Thankfully, eventually I decided to stop thinking about the plan and conceded that I would just swim the whole first mile breaststroke (which is both painfully slow and painful on the old neck!) but eventually my mindset shifted, and I settled into a new rhythm, calmed down and stopped being annoyed at myself. I finally got my breath back and swam the next mile front crawl in rhythm and finished it with a smile of relief. However, despite the fact I did finish (when at the start I wasn’t sure that was possible), I spent the whole journey home grumpy and disappointed with myself.

 

My mind failed me not my body.


That evening when I had recovered, I had a bit more time for reflection and remembered the wise words of Carol Dwek – ‘Failure is just one step close to getting things right’. We all fail at things, it is a part of life. And if we never fail, we never learn and grow. Anyone who knows me will tell you I don’t give up. Being determined is one of my strengths – which thankfully I could draw on when things didn’t go to plan in the moment. So after a chat with my coach (everyone needs a cheerleader in this situation), I immediately signed up to a triathlon the following week with the intention to approach the whole thing with a completely different mindset – this time it was about learning and practice practice practice.

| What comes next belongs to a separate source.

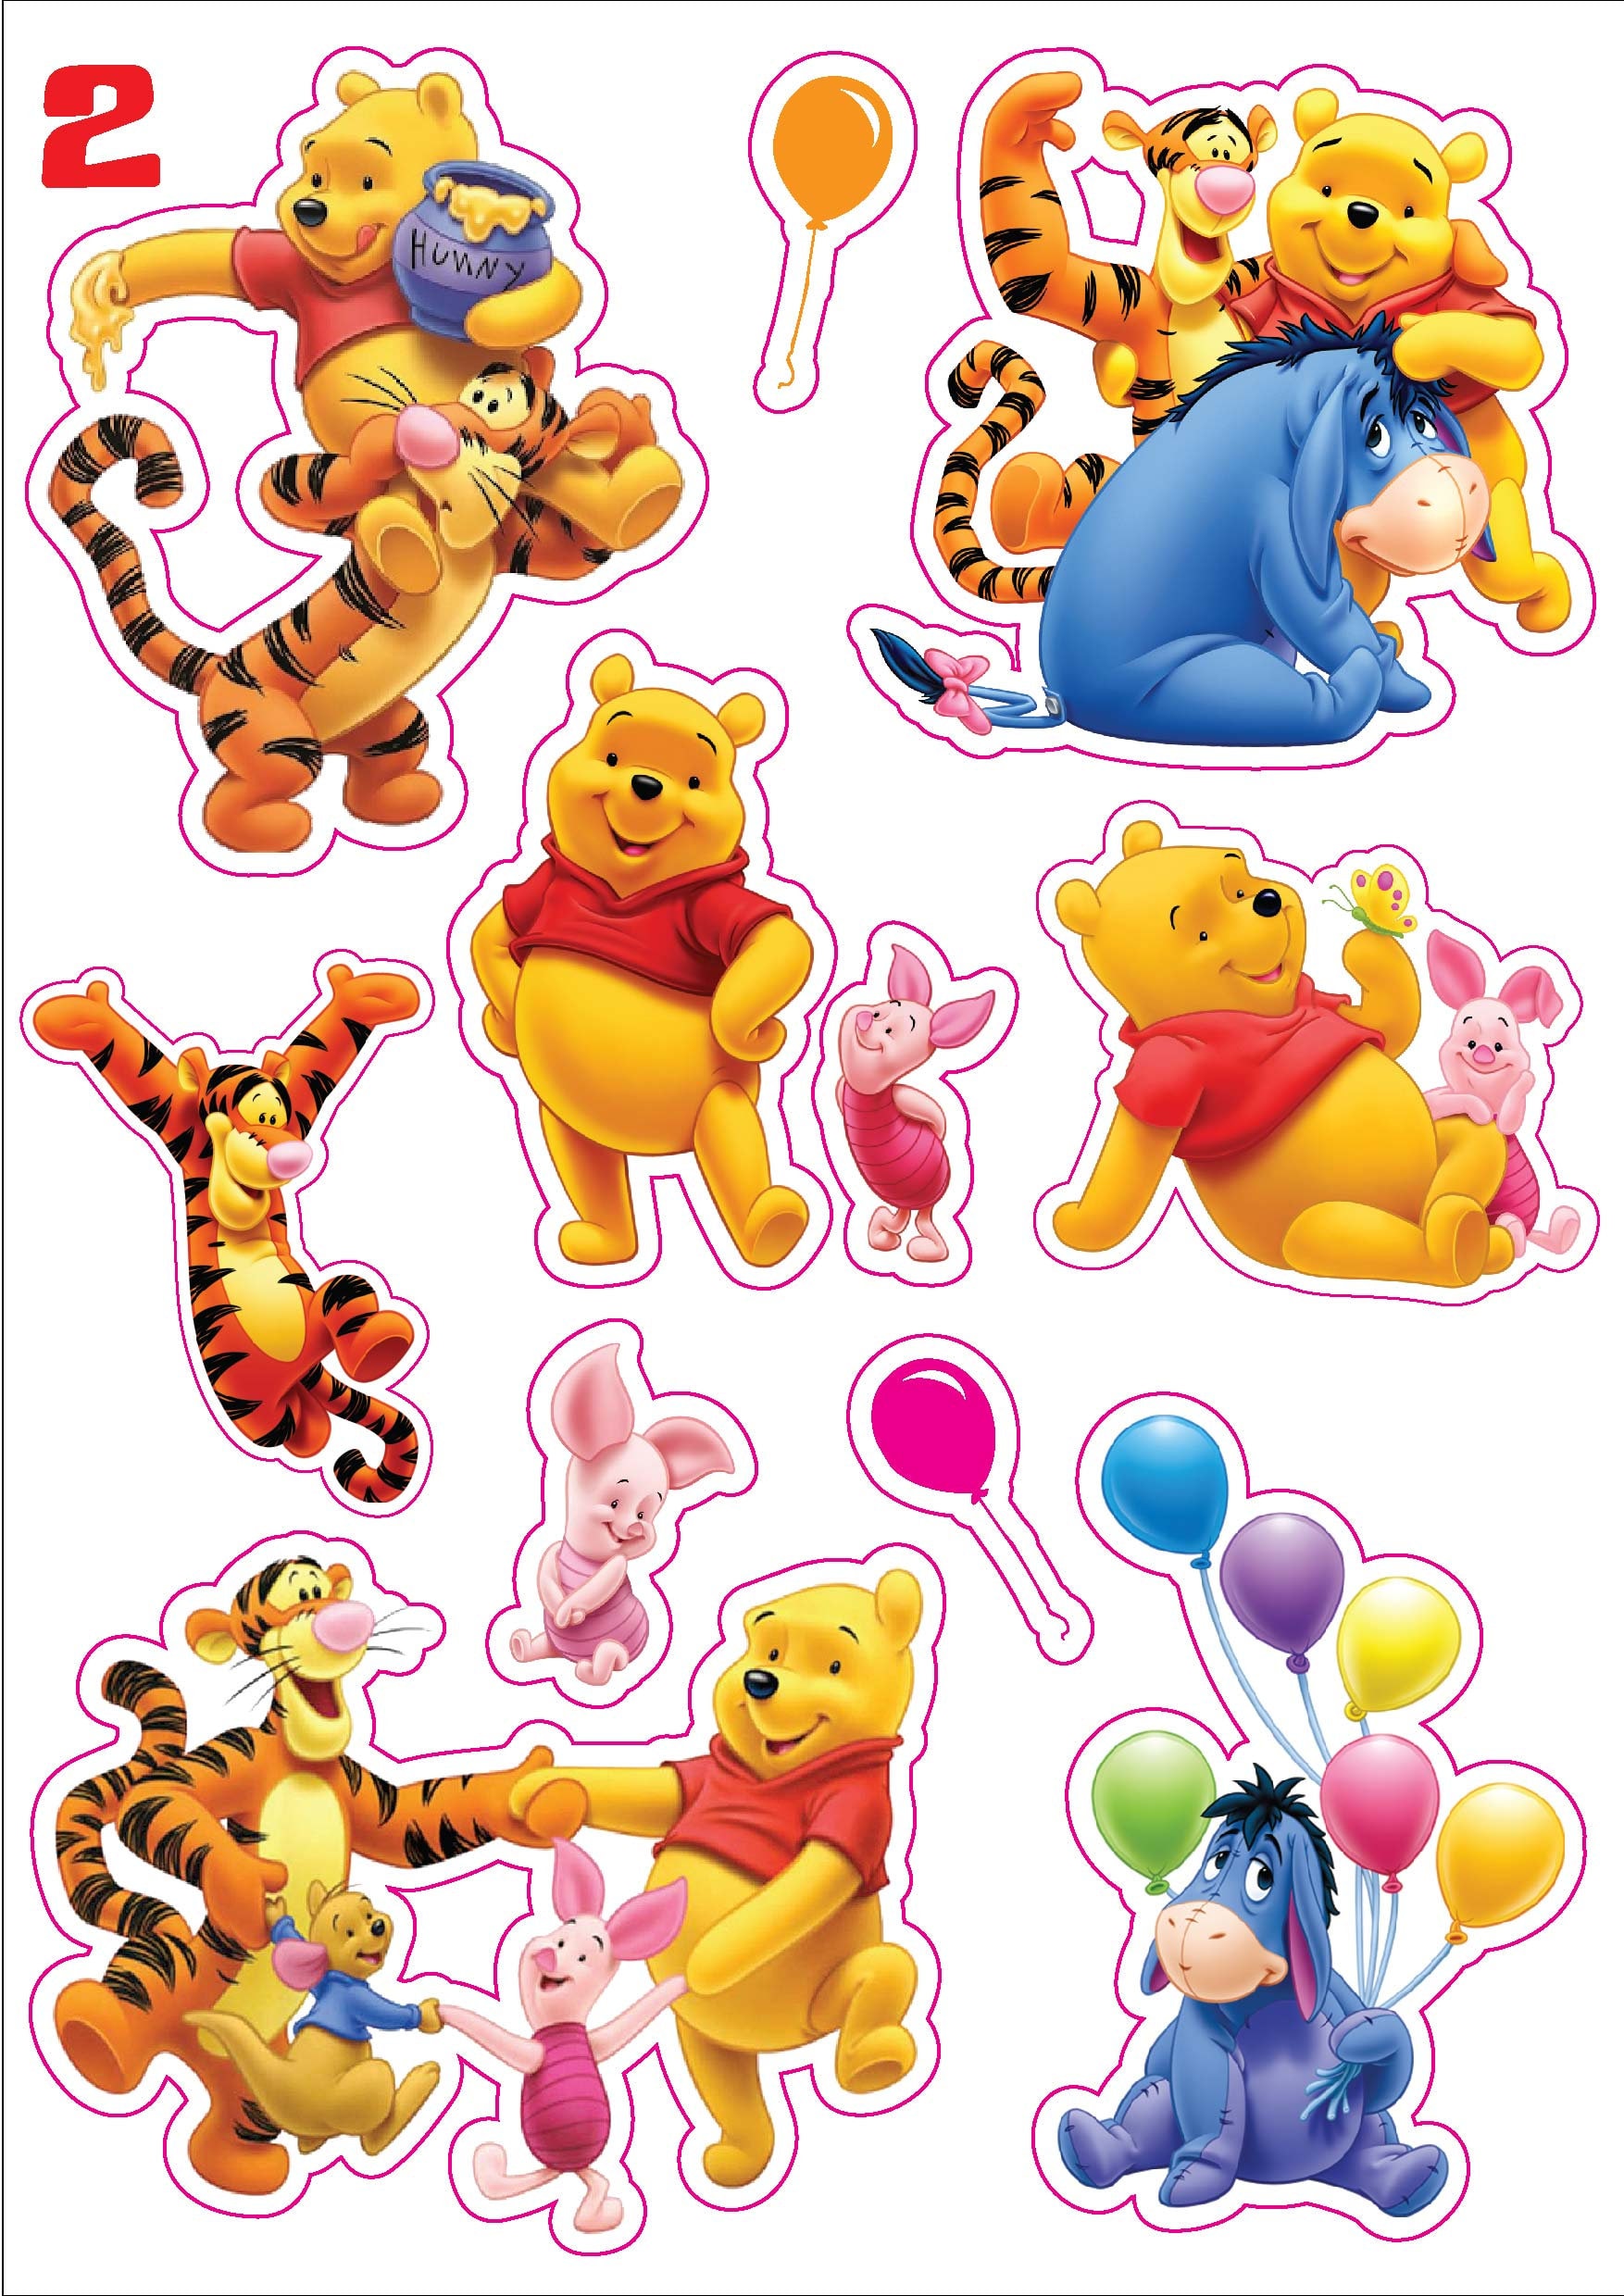 Winnie The Pooh Stickers, 50pcs PVC Waterproof Cute Disney Vinyl Decals  Stickers Piglet Eeyore Pooh Bear Tigger Stickers Gift for Teen Boy and  Girls DIY Laptop …

Putting a new mindset hat on makes the biggest difference

 

I worked out what was the issue, I needed to put my competitive perfectionist mindset well away and instead adopt one of growth. Inspired once again by Dwek I knew I had to challenge myself to reframe my thinking…And instead of thinking I’d failed, I told myself ‘I can’t do this, YET’. I spent the next week reading up on all sorts of tips to help me in those moments. Asking anyone with experience and mentally visualising how I might do the same in the race.


Putting learnings from failure into action:

 

I could have just stopped there, but I realised something. It isn’t enough to just tell ourselves we need to learn. We need to take a first step to feel the discomfort and how our mind reacts in the moment so we can coach it to react differently when under pressure.

 

I decided to face my demons head on. So the day before the next race I went down to the sea in my wetsuit and practiced walking calmly SLOWLY into the water and swimming into the choppy waves. The first time my Serpentine experience came back in full force – I pretty much had a panic attack. So, I went out and did the same again. Time and time and time again – I mean I must have looked ridiculous! But I kept going until the panic started edging away and instead, I started noticing that my mind was calm (or even bored – it was getting a little repetitive). Suddenly felt a tiny glimmer of something else…Could it be a sense of achievement?

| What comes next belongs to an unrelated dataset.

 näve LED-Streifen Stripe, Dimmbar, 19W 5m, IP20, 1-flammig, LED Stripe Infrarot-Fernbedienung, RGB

Rehearsal time with no expectations

 

The race day came and 4.30am the next morning in the torrential rain I tried again (maybe questioning my life choices a little). This was my chance to learn in practice. Rehearsal time with no expectations. I stuck to my new mindset plan… I got there early and went in the sea in the pitch black to test it out – it was dark and choppy – tick!.

 

When the klaxon blew, I fought every bone in my competitive body to walk very slowly into the sea at the back (I was literally the last person to enter the water!) and that is when the growth mindset and rehearsal time came into their own. I swam calmly, I swam my own race and despite the waves crashing around everywhere I actually bloody enjoyed it!!

 

Getting out of the sea I knew I had learnt more about myself in the last week than I have in years. I had put myself to the test and conquered. And not only that, to my surprise I managed to finish first female!


But in my heart of hearts what mattered most was winning my own medal... I conquered my own demons and relearnt how to learn and grow again… I discovered what learning from failure actually meant.